3D Modelling of the DC/DC and DC/AC Converters

The objective of the research is to optimise the design of the heatsink and investigate the effects of different configurations on heat dissipation. The study focuses on silicon carbide (SiC) and gallium nitride (GaN) semiconductors used in the RHODaS T-type 3-level inverter and outlines the estimation of total losses for heatsink design and provides insights into the advantages and disadvantages of different heatsink concepts.

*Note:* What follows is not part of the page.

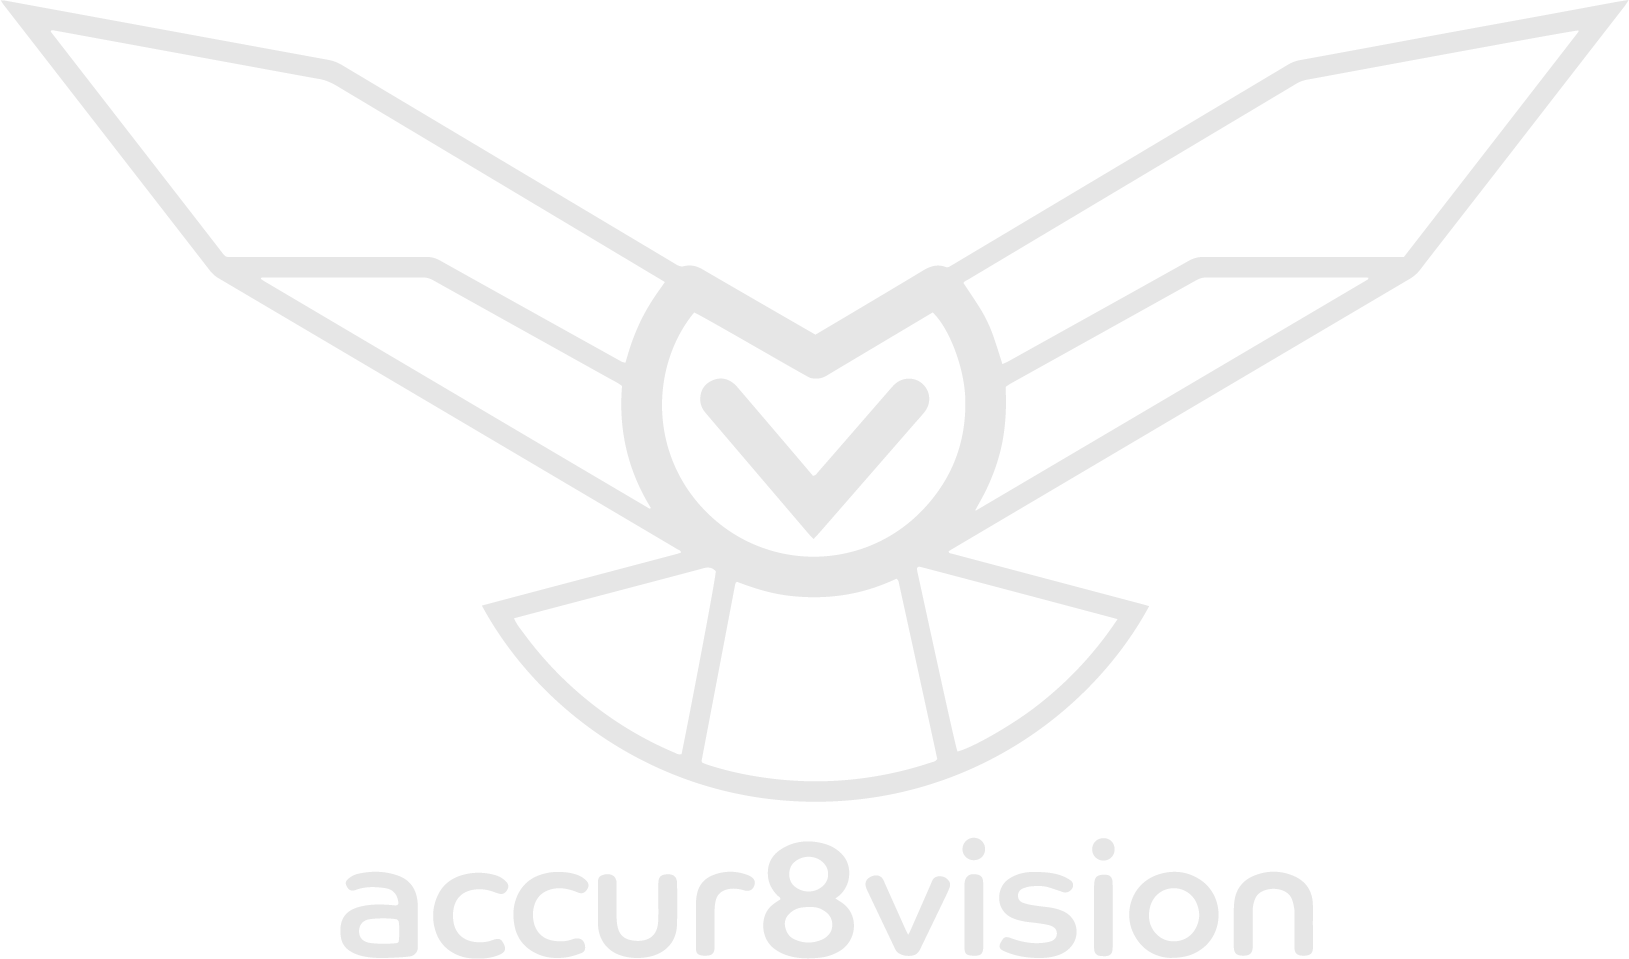 Accur8vision logo greyscale

Initially, an estimation of power losses for SiC and GaN semiconductors based on simulation results was determined, taking into account the varied thermal resistance of the heatsink which then informs the design. Researchers explored different concepts such as functional, geometrical, and mixed designs with each concept being analysed in terms of its advantages, disadvantages, and thermal performance. Computational Fluid Dynamics (CFD) simulations were performed to investigate the thermal characteristics of the heatsink. The simulations consider factors such as fin arrangement, fin height, and heatsink body shape. The effects of these factors on heat dissipation efficiency and temperature distribution were thoroughly examined.

Conclusions from the research indicate that the mixed design concept, which incorporates separate coolant inlets for SiC and GaN modules, provides the best cooling functionality. This design ensures temperature uniformity and allows for individual control of coolant flow to each module; however, it also increases the complexity and cost of the heatsink system. This highlights the importance of optimising fin height and heatsink body shape. It was found that reducing the heatsink height improves heat dissipation and lowers the maximum temperature of the cold plate. Smaller fins also result in better velocity distribution and enhanced heat dissipation efficiency.

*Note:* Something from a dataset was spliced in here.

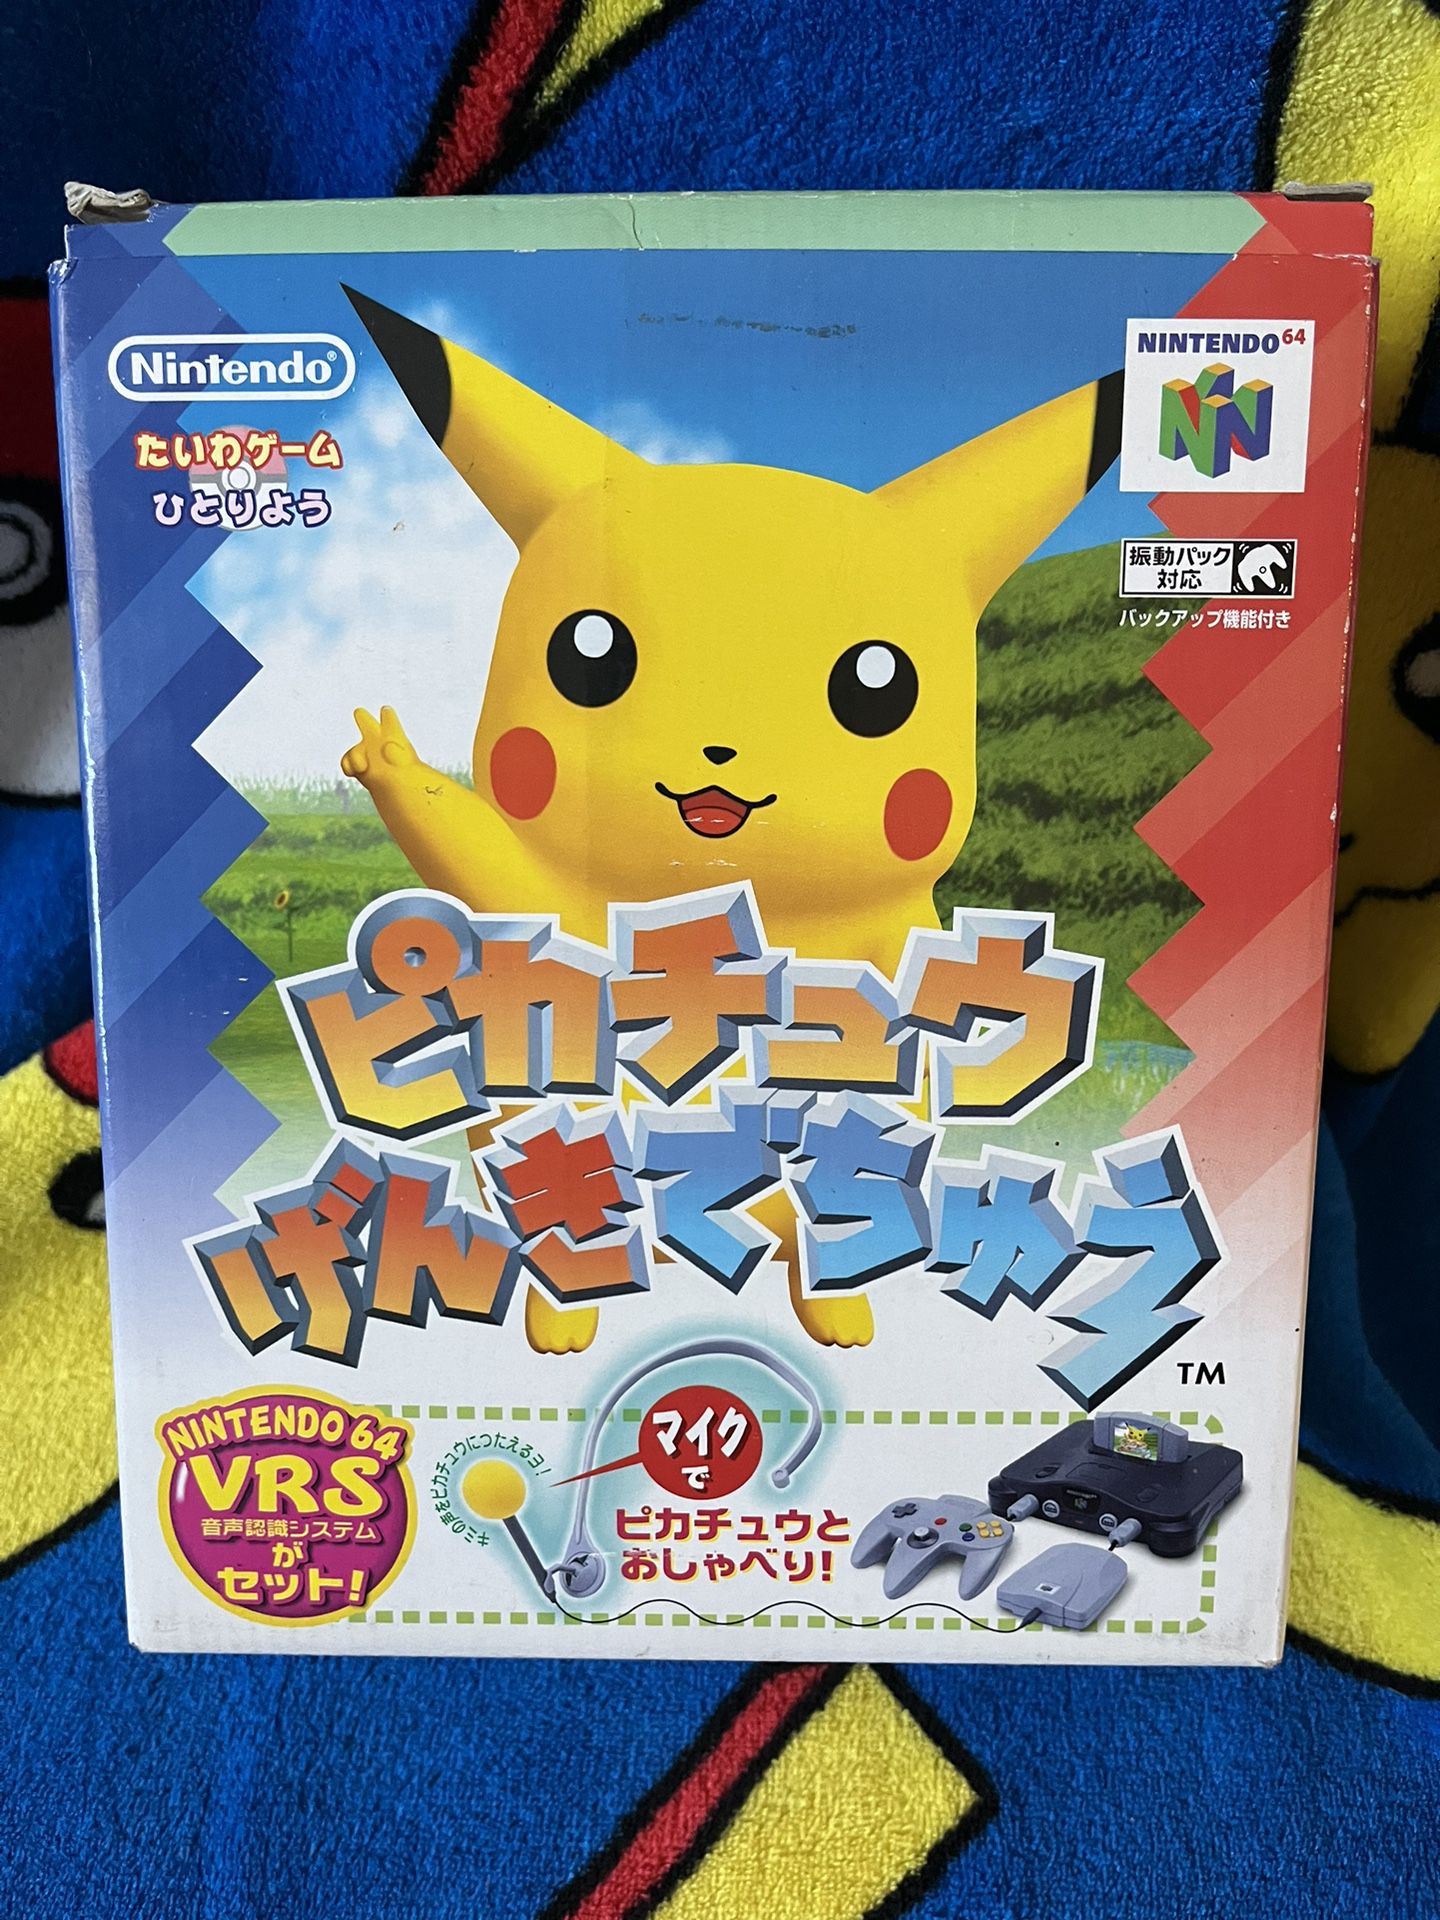 Japanese Hey you Pikachu N64

Overall, the research into the thermal management of power converters represents a significant step towards the development of high-performance power converters for heavy-duty electric transport. By optimising the design of the heatsink and investigating different configurations, the thermal management system can effectively dissipate heat generated by SiC and GaN semiconductors. The findings of this research can lead to the development of more efficient and cost-effective propulsion systems for electric vehicles. Further studies and advancements in thermal management strategies will be crucial in meeting the increasing power demands of electric transport while ensuring optimal performance and reliability.